AIチャットの構築をコードからDifyに変更し開発プロセスをカスタマーサポートチームに完全委譲した
MAMORIOアプリからの問い合わせに返答するAIチャットのバックエンドをコードからDifyのワークフローに置き換えました。
その結果、サーバーサイドのコードが300行減り、関連するテストコードを70%減少し、非エンジニアのカスタマーサポートチームにAIチャットの開発の権限移譲を行いました。
Difyを使用することで、GUIベースでワークフローを構築した後、それをWebAPIとして公開することが可能になります。
この変更により、AIによる応答の構築はカスタマーサポートチームが行い、システムはDifyに対する入力と出力と例外処理のみを管理します。
AIエージェントのワークフローをコードで書くのは馬鹿馬鹿しい
MAMORIO社では新たなコードを追加した際にテストカバレッジが減らないことをマージの条件にしています。
しかし、AI統合によりテストコードが急増し、これは一つの問題点となっていました。
テストカバレッジのルールはWebアプリケーション開発の秩序を保つ上で重要ですが、AIのフローは検索や他のサービスからの情報取得などの外部との連携が多く発生するため、愚直にテストカバレッジを維持しようとするとさまざまなサービスのモックを書く必要が出てきます。
また、フローの各ステップで使われるサービスはあくまで過渡的なものでありすぐに置き換え可能な別の選択肢が出てくるようなものであるため、改善のためのトライアンドエラーをいちいちコードの変更で行うのことには著しい手間がかかります。
LLMを社内に浸透させる
LLMエージェントの管理をカスタマーサポートチームに委譲することは、社内でのLLMの浸透を促進する効果もあります。
テクノロジー界でゲームチェンジャーだと言われSNSで盛り上がっているLLMも、職種によって利用率にばらつきがあります。
たとえば以下の記事ではLLMが特に多く使われている職種として営業・エンジニア・マーケターの三つが挙げられています。
LLMの登場によって従来の一対一のカスタマーサポートがLLMと共同したカスタマーエンジニアリングになっていくことは必然的な流れですが、その際に障壁になるのがシステム作りをすることを入社前に想定していなかったメンバーにエンジニアリング的な思考に慣れてもらうことです。

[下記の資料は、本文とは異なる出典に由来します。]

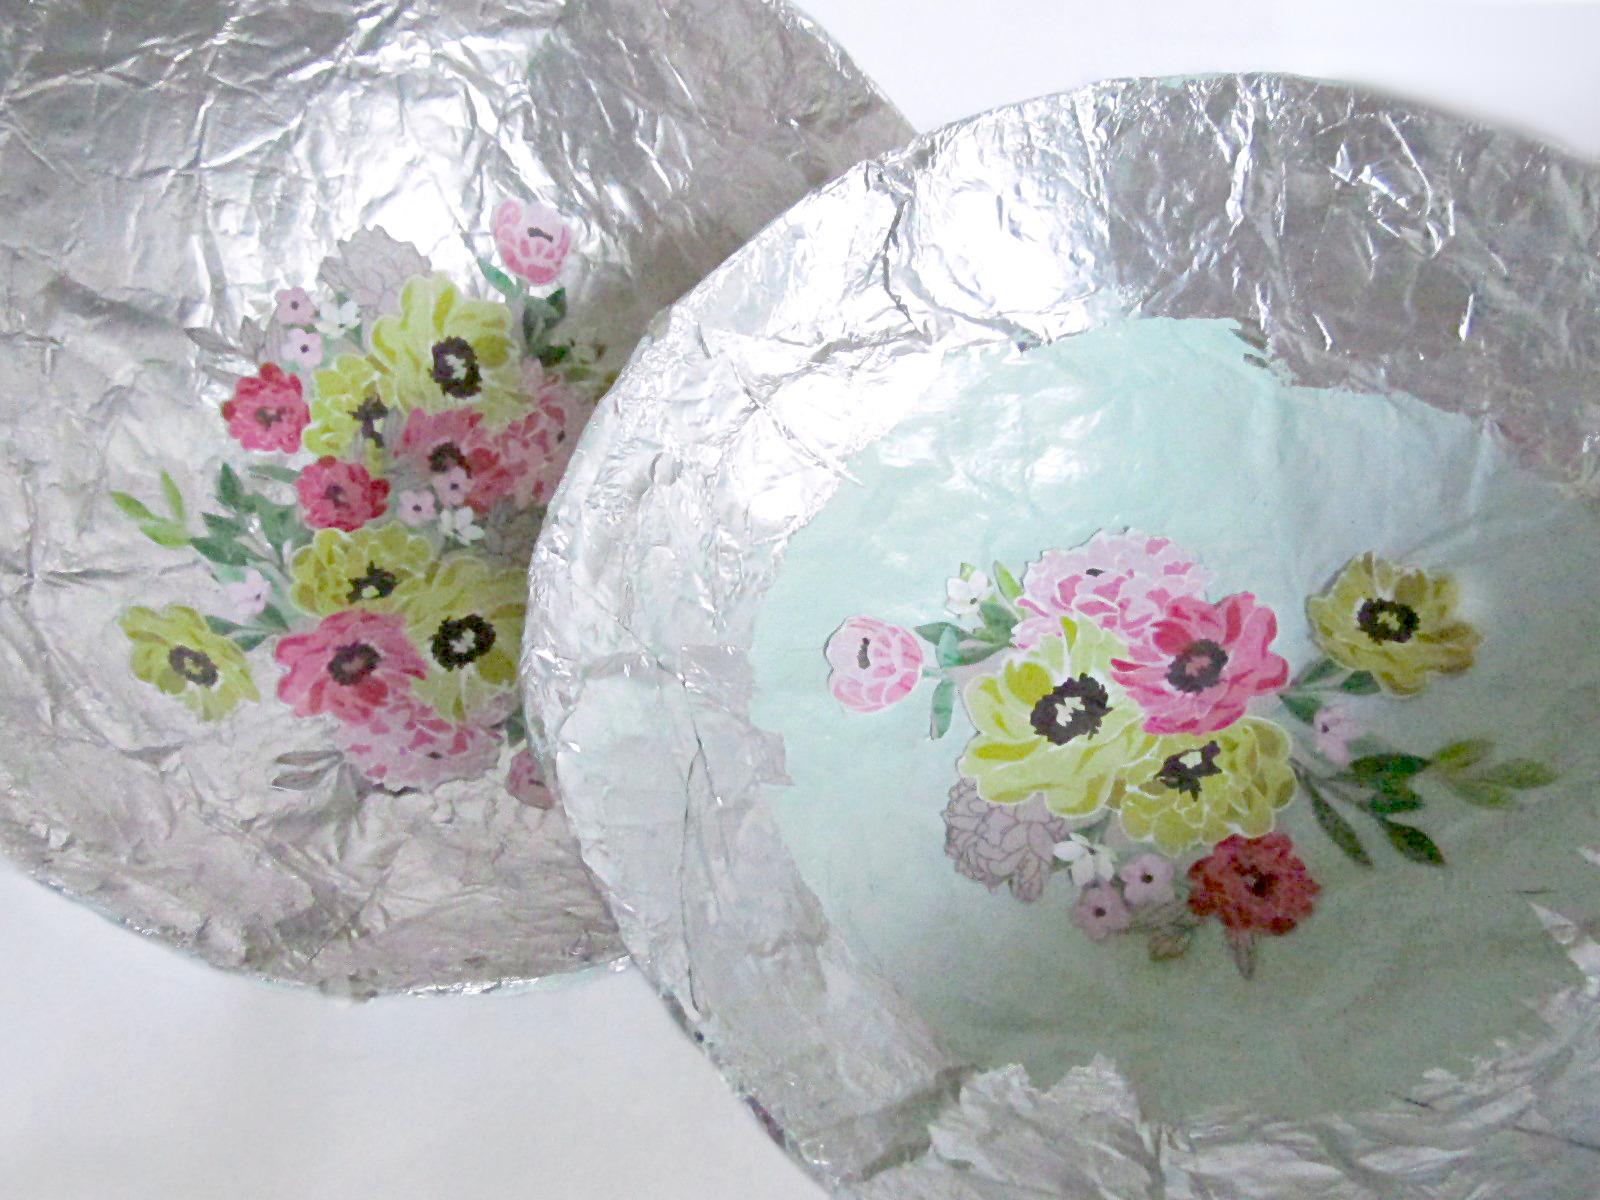 Diy paper mache bowls by newly mynted julie ann art for Diy paper bowl

人間にはどのようなメディアで情報を受け取るかによって理解度が変わる認知特性がありますが、エンジニアは圧倒的に文字優位の文化であり、そうではない人々にとっては参入障壁になります。
そのため、全ての操作をGUIで完結できるDifyは、非エンジニアにも技術的な作業を親しみやすくし、彼らの業務効率を向上させる有効なビジュアルプログラミング言語であるといえます。
認知負荷の低減によりメンテナンスが楽に
開発における画面の切り替えは代表的なソフトウェア開発における認知的負荷として知られていますが、たとえばVisualStudioを使っているサーバーエンジニアがAIのワークフローで利用する検索エンジンをBingに切り替えるコードの変更タスクが発生した場合、以下のように最低でも5〜6回程度画面の切り替えが発生するのではないでしょうか?
[コード]
Googleに切り替えるコードを書く(VS画面)
コンソールまたは開発環境で動作を検証する(開発環境のweb画面またはコンソール画面)
テストコードを書く(VS画面)
テストを行う(コンソール画面)
デプロイ(コンソール画面)
githubでプルリク(github画面)
マージとデプロイ完了の確認(github画面)
Stagingと本番環境で検証(各環境の画面)
一方でカスタマーサポートチームが同様の作業をDifyで行う場合は概ねDify内のワークフロー構成画面の内部で画面の切り替わりが発生せずに完結します。
[Dify]
Googleに切り替える設定変更を行う(Dify設定画面)
当該パーツで結果を検証(Difyワークフロー構築画面)
通しでチェック(Difyワークフロー構築画面)
公開(Difyワークフロー構築画面)
Stagingと本番環境で検証(各環境の画面)
全員参加型の組織へ
Difyの導入は開発プロセスを効率化するだけでなく、企業文化にも影響を与える可能性があります。
認知負荷の低いDifyを利用することで、非エンジニアもシステム開発の手法を習得しやすくなり、業務改善や生産性向上に向けた意思決定に積極的に参加できるようになります。
OpenAIの創立者であるサム・アルトマンは「AIによって一人の人間が1000億円企業を作れるようになる未来がかなり近い将来にやってくる」と述べていますが、生成AIとシステム開発の間にある壁をGUIによって下げるDifyのようなツールは、少人数の組織の全員が職種の垣根を越えてエンジニアとしての業務の改善やPRとしての外部発信を行ない潜在能力を発揮する手段になり得るのではないでしょうか。